Question: The solution of the differential equation \(x = 1 + xy\dfrac{{dy}}{{dx}} + \dfrac{{{x^2}{y^2}}}{{...

Question

The solution of the differential equation
$x = 1 + xy\dfrac{{dy}}{{dx}} + \dfrac{{{x^2}{y^2}}}{{2!}}{\left( {\dfrac{{dy}}{{dx}}} \right)^2} + \dfrac{{{x^3}{y^3}}}{{3!}}{\left( {\dfrac{{dy}}{{dx}}} \right)^3} + \cdot \cdot \cdot \cdot \cdot \infty$ is
A. ${y^2} = lnx + c$
B. $y = {\left( {\ln x} \right)^2} + c$
C. $y = \pm \ln x + c$
D. ${y^2} = {\left( {\ln x} \right)^2} + 2c$

Answer 1

Solution

As we know that the given differential equation is an infinite series so first recognize the type of series and then solve it with the help of the formulas of integration.
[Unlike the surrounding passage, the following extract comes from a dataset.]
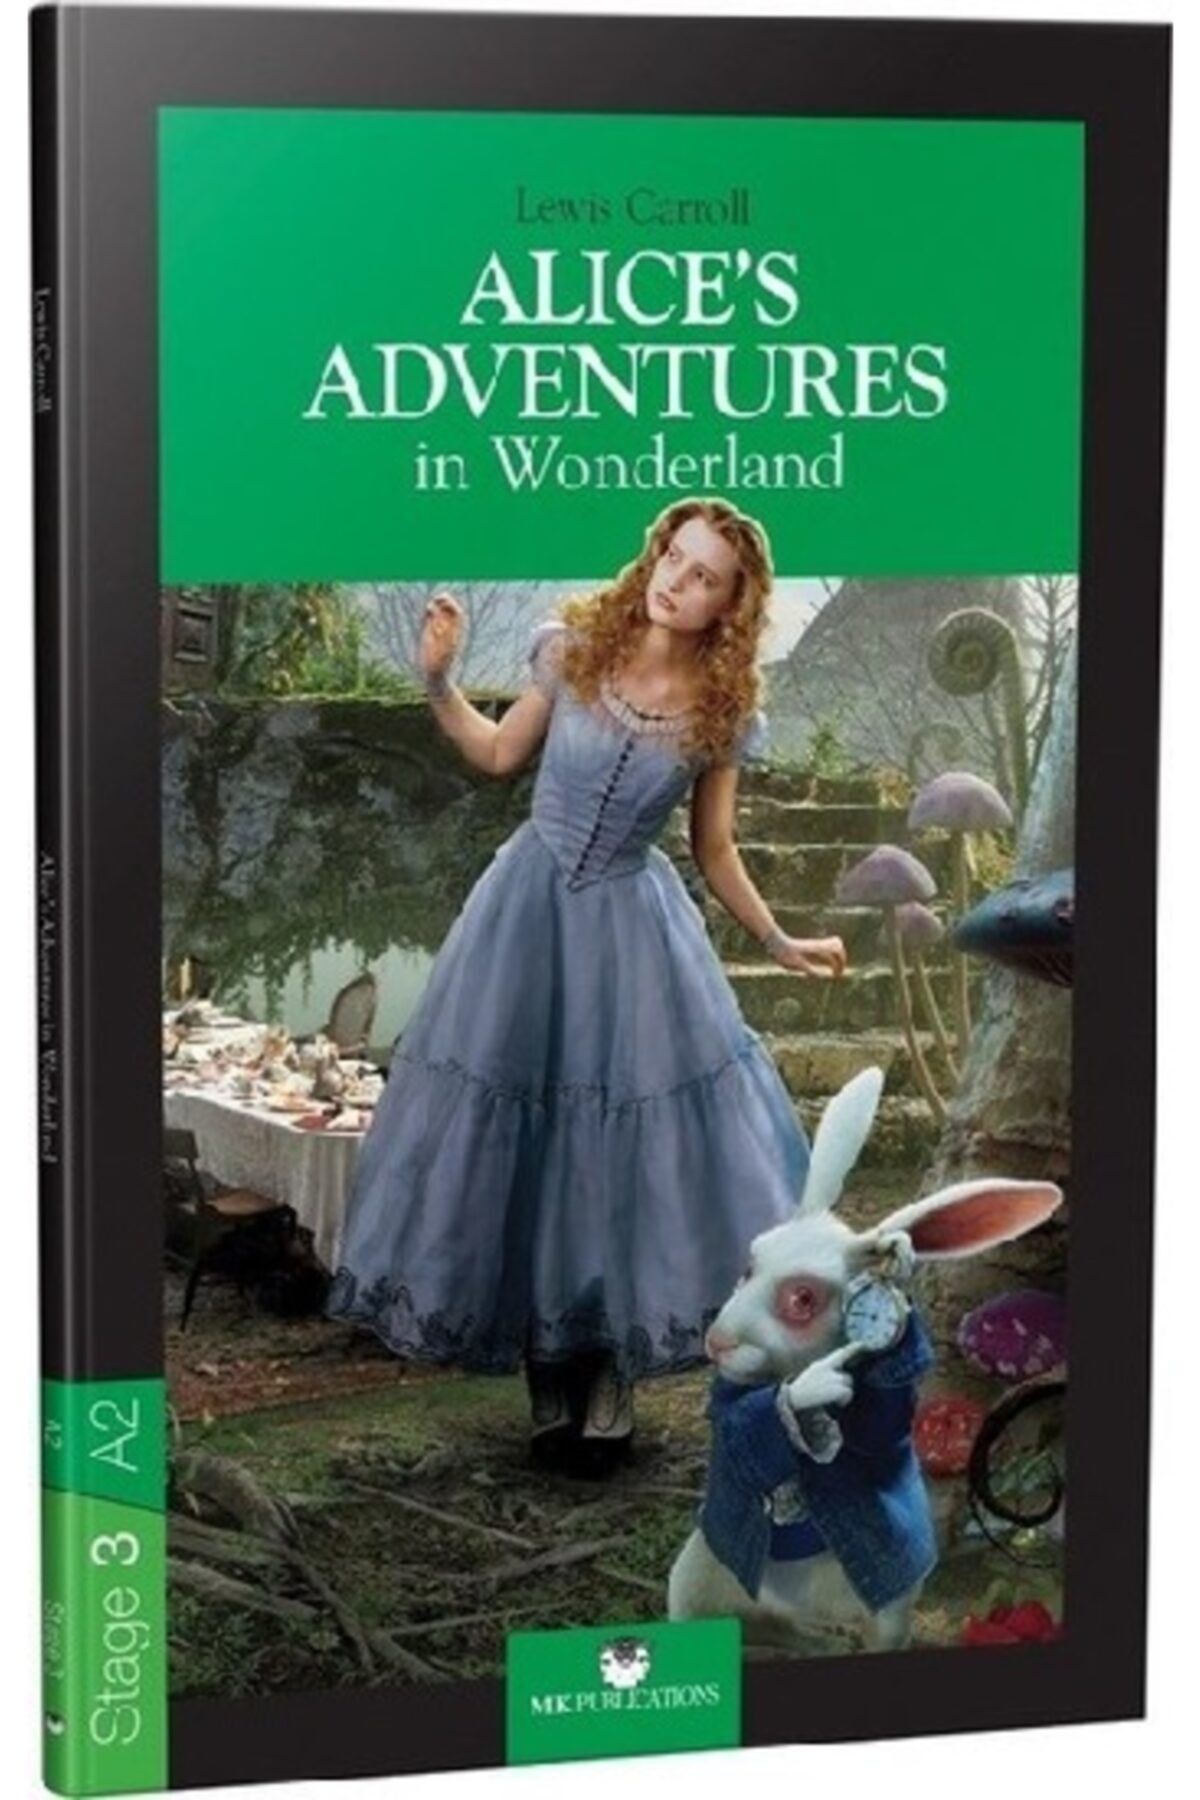 Алиса в стране чудес сколько глав. Кэрролл "Алиса в стране чудес". Алиса в стране чудес Льюис Кэрролл книга. Алиса в стране чудес издания. Алиса в стране чудес читательский дневник.
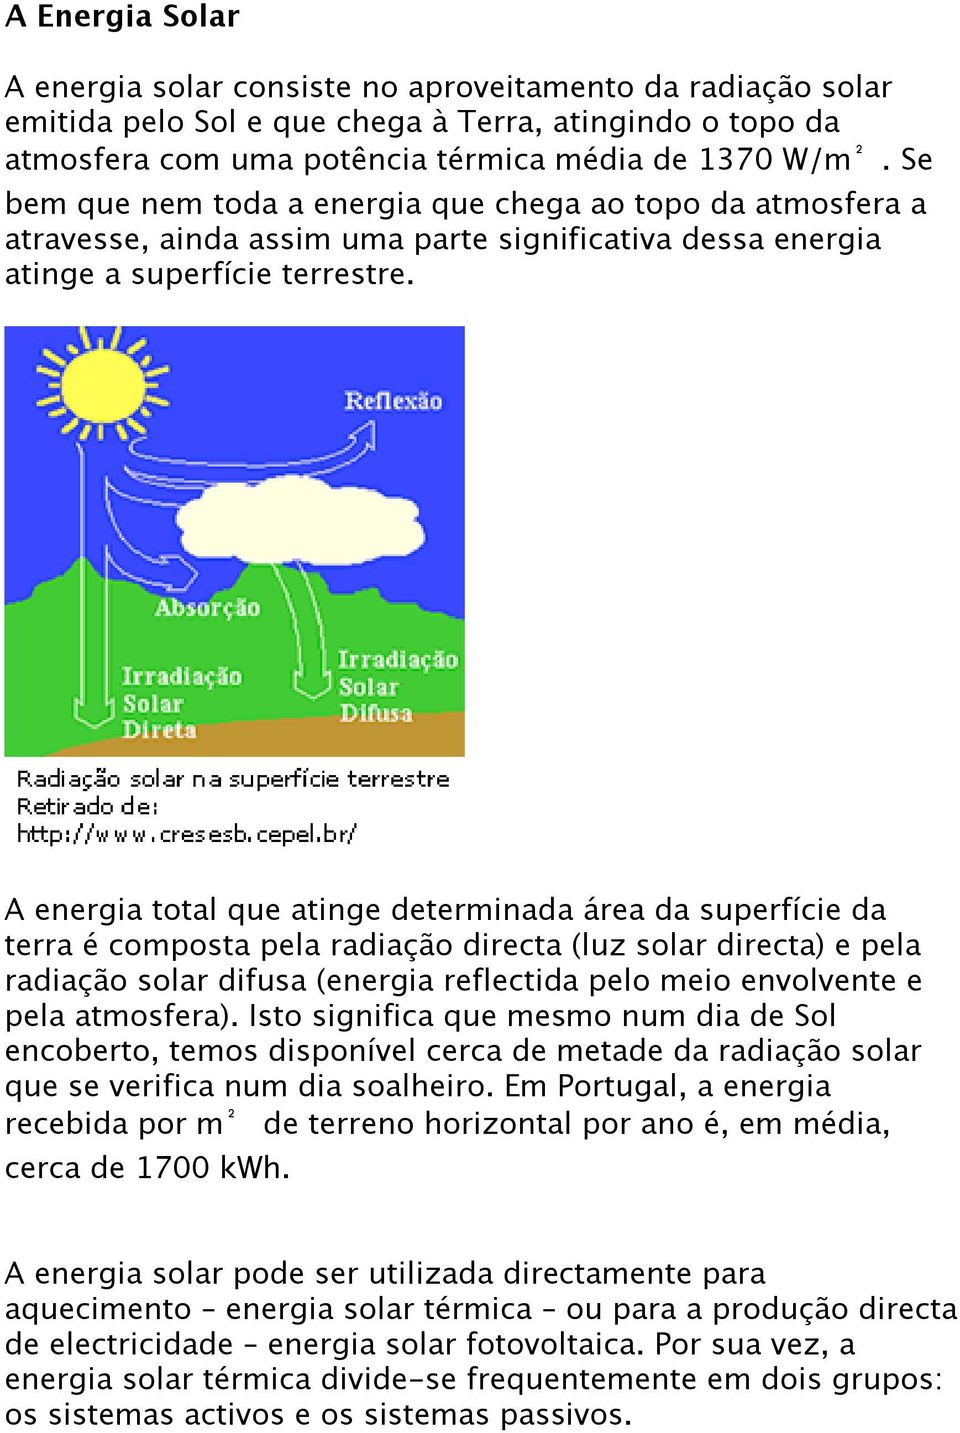 A energia total que atinge determinada área da superfície da terra é composta pela radiação directa (luz solar directa) e pela radiação solar difusa (energia reflectida pelo meio envolvente e pela

Use the logarithm concept to get the correct answer.

Complete step-by-step solution:
The given question is based on a differential equation. The main purpose of the differential equation is to find the function over its entire domain. It is used to describe the exponential growth or decay over time. It has the probability to predict the world in our surroundings. It is widely used in various fields such as, physics, chemistry, biology, economics, and so on.
There are two main types of differential equation – Partial differential equation and Ordinary differential equation.
The given differential equation is written as,
$x = 1 + xy\dfrac{{dy}}{{dx}} + \dfrac{{{x^2}{y^2}}}{{2!}}{\left( {\dfrac{{dy}}{{dx}}} \right)^2} + \dfrac{{{x^3}{y^3}}}{{3!}}{\left( {\dfrac{{dy}}{{dx}}} \right)^3} + \cdot \cdot \cdot \cdot \cdot \infty$
The given differential is the type of the infinite series and it is the type of exponential series as shown below.
${e^x} = 1 + x + \dfrac{{{x^2}}}{{2!}} + \dfrac{{{x^3}}}{{3!}} + \cdot \cdot \cdot \cdot \cdot \\\ \\\$
So,
The given differential equation can be written as,
$x = {e^{xy \cdot \dfrac{{dy}}{{dx}}}}......\left( 1 \right)$
Now, Taking log on both sides in equation (1).
$\ln x = x \cdot y\dfrac{{dy}}{{dx}}$
Now on integration the above equation and it can be written as,
$\smallint \dfrac{{\ln x}}{x}dx + c = \smallint ydy$
Let, $\ln x = t,\dfrac{{dx}}{x} = dt$
So, it is calculated as,
$\smallint t \cdot dt + c = \dfrac{{{y^2}}}{2}$
After integration we get,
$\Rightarrow \dfrac{{{t^2}}}{2} + c = \dfrac{{{y^2}}}{2}$
Now we substitute $\ln x$ for $t$ in the above expression.
${\dfrac{{\left( {\ln x} \right)}}{2}^2} + c = \dfrac{{{y^2}}}{2}$
After simplification we obtain,
$\therefore {\left( {\ln x} \right)^2} + 2c = {y^2}$
Therefore, it is the required solution of the given differential equation.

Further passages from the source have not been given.